I stopped fighting Amazon's anti-bot wall — and built a scoring engine instead
I spent way too long trying to scrape Amazon product pages in real time. Proxies got CAPTCHA'd. Search pages returned 503s. eBay blocked me too. The usual arms race.
Then I realized I was solving the wrong problem.
The insight: scraping and analysis are different products
The scraping is fragile and commoditized — proxies rotate, layouts change, anti-bot vendors (DataDome, PerimeterX, Cloudflare) escalate. Everyone fights the same war.
The analysis — "which of these 100k products is actually worth sourcing?" — is durable. The scoring logic doesn't care whether the data came from a scraper, an API, a CSV export, or a partner feed.
So I split them. The scoring engine is the asset. The data source is a swappable adapter.
The engine
ecom-intel-engine (MIT) takes normalized product records and returns a 0–100 opportunity score across four dimensions:
- demand — log-scaled review count (proven sales)

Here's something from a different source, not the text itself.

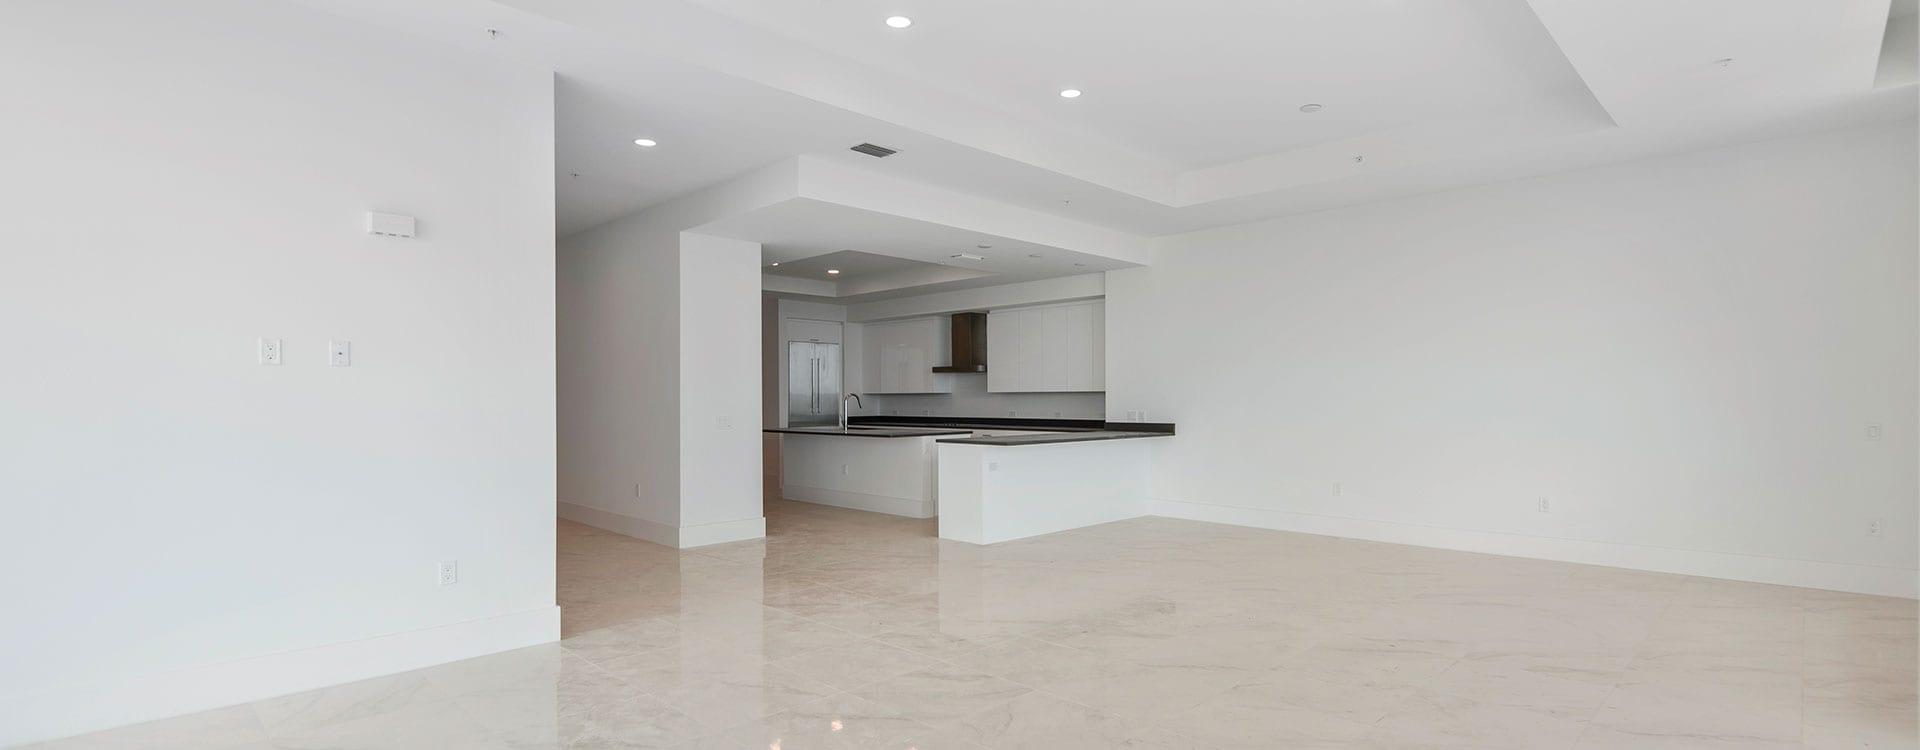 BLVD Sarasota Residence 1102 Great Room
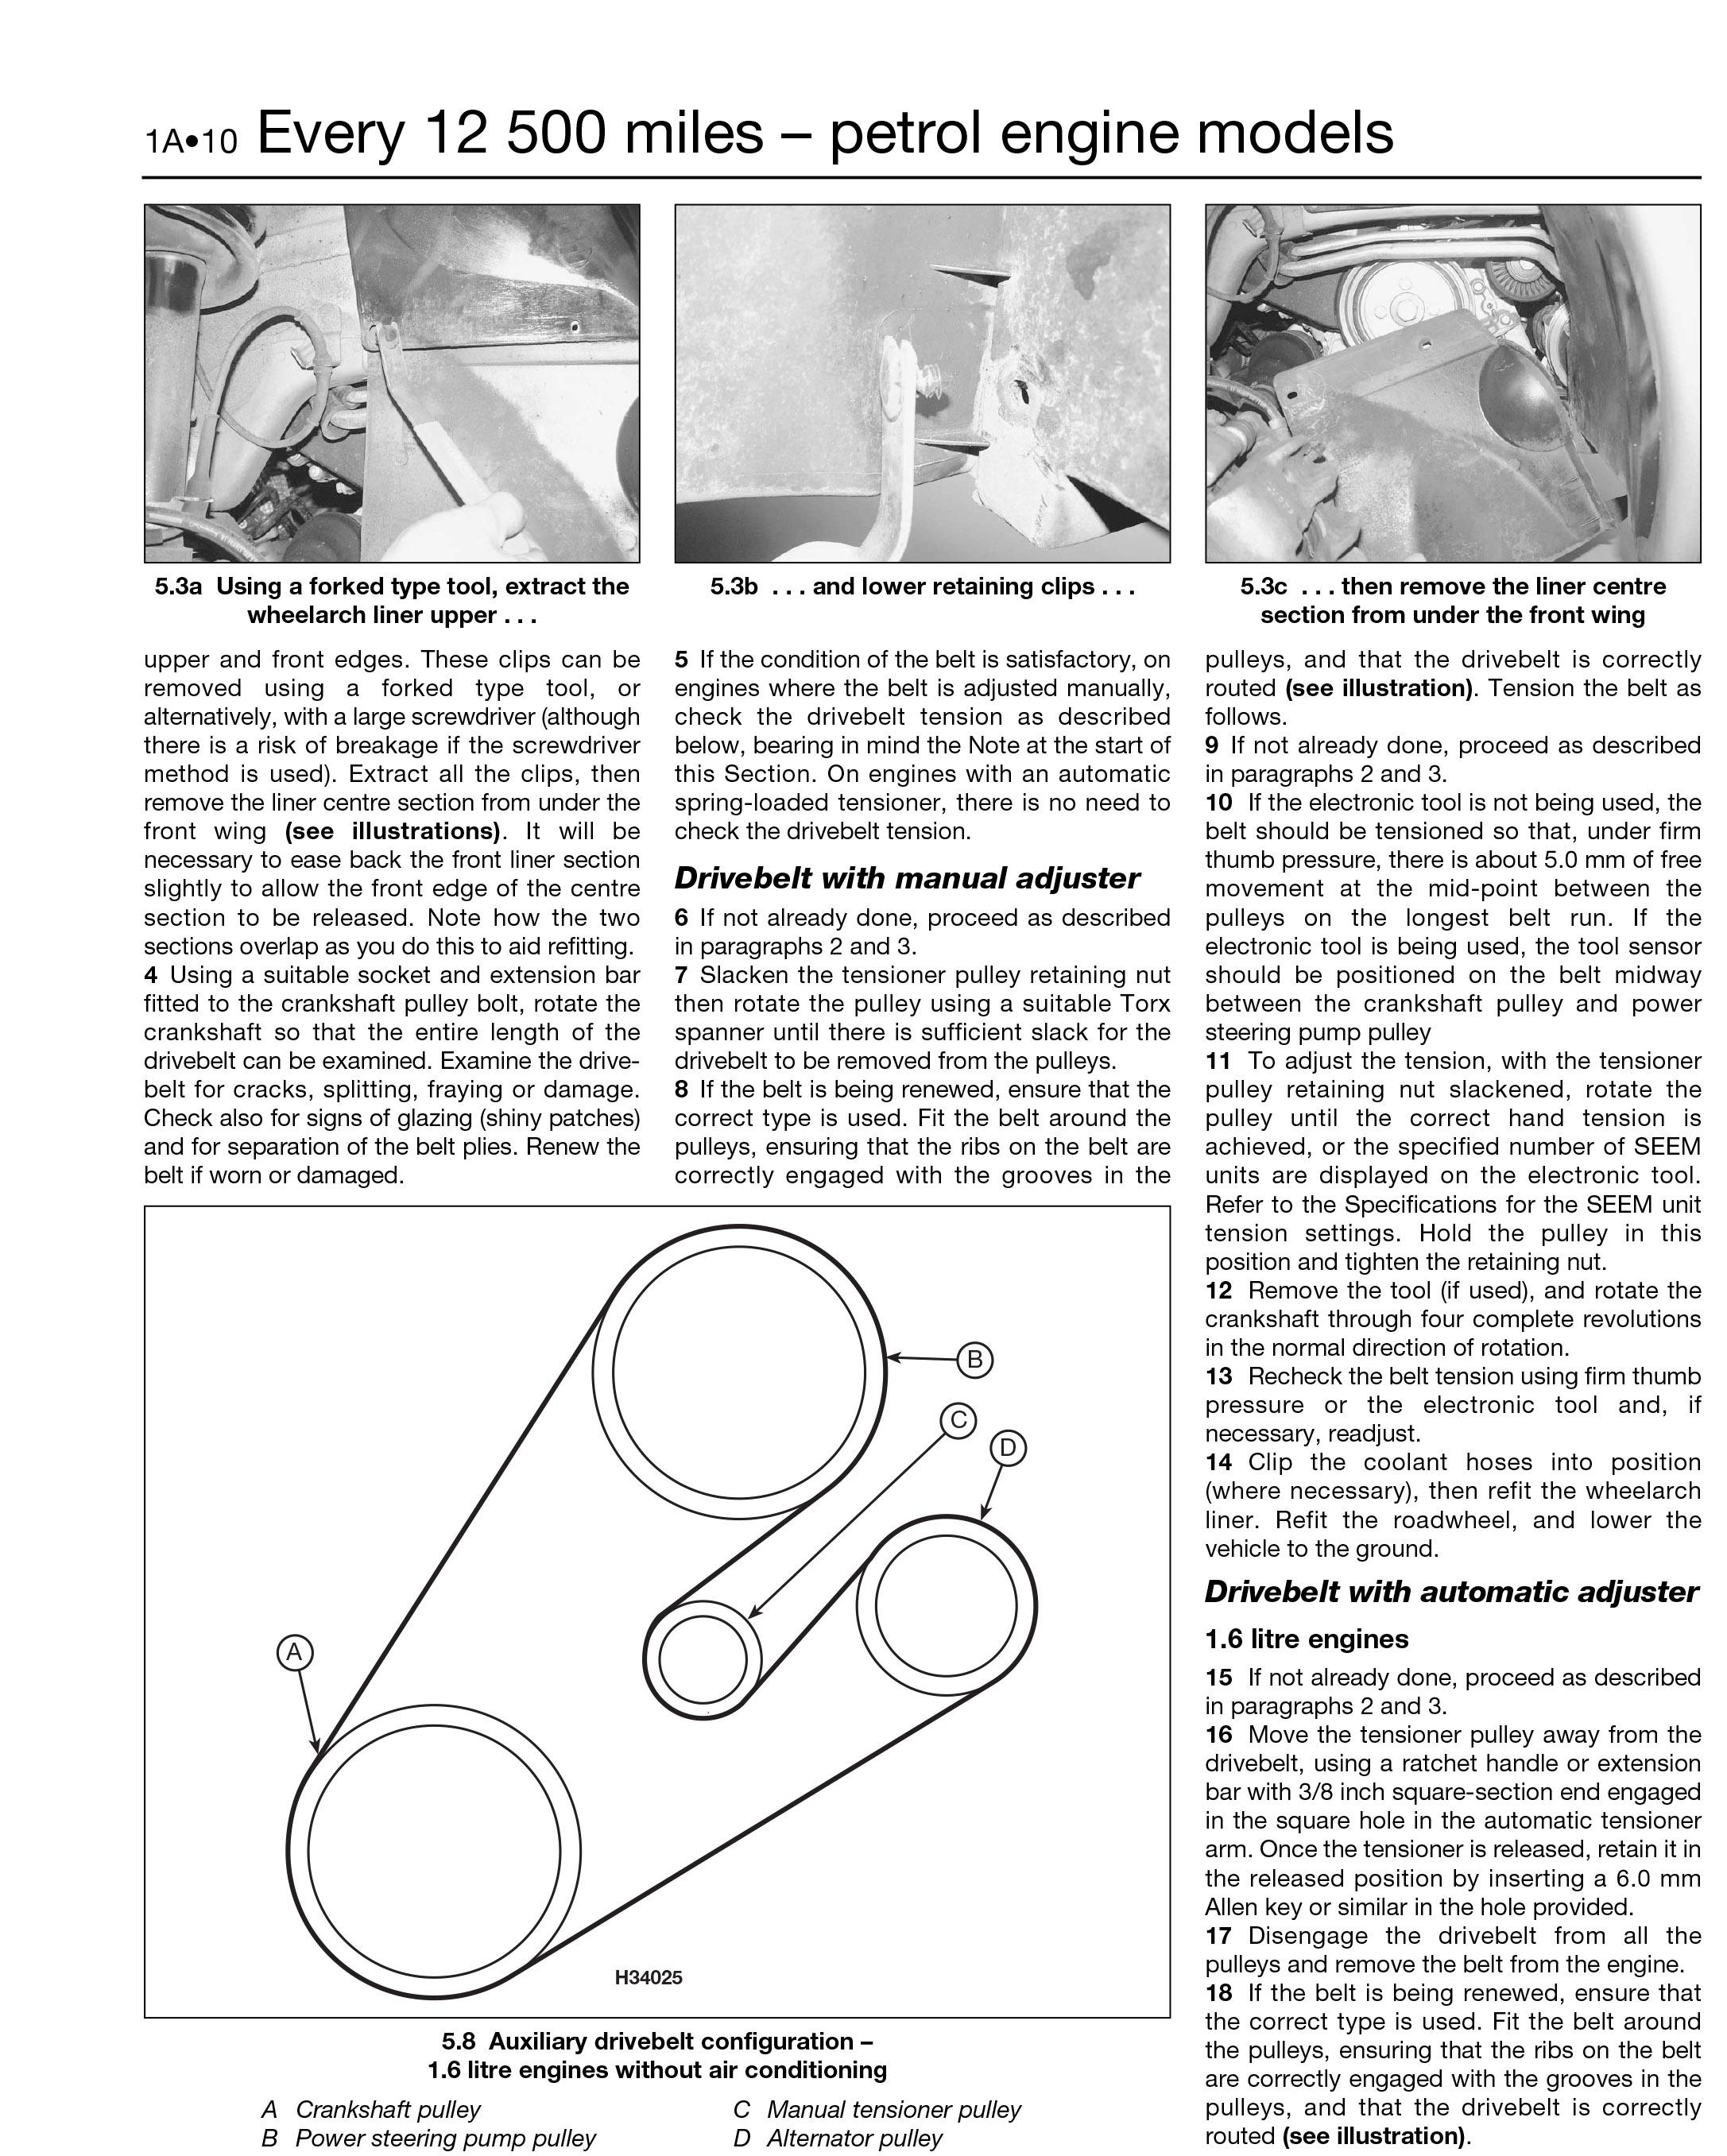 Citroen xsara estate wiring diagram new wiring diagram 2018 citroen xsara picasso petrol diesel 00 02 haynes repair citroen xsara coupe xsara wrc citroen traction avant on citroen xsara estate wiring diagram asfbconference2016 Choice Image

- margin — price headroom (sweet spot ~$20–60)
- quality — rating fit (4.0–4.8 ideal; suspiciously perfect penalized)
- competition — reviews vs. category median (below median = an opening)
const { analyzeDataset } = require('ecom-intel-engine');
const products = [
{ asin: 'B01', title: 'Vitamin C Serum', price: 24.99, rating: 4.6, reviews: 8200, category: 'Skincare' },
{ asin: 'B02', title: 'Jade Roller', price: 9.99, rating: 4.3, reviews: 120, category: 'BeautyTools' },
];
const { summary } = analyzeDataset(products);
console.log(summary.topOpportunities);
// [{ id: 'B01', title: 'Vitamin C Serum', score: 82, category: 'Skincare' }, ...]
No scraping inside the package. Zero runtime dependencies for the core scoring path.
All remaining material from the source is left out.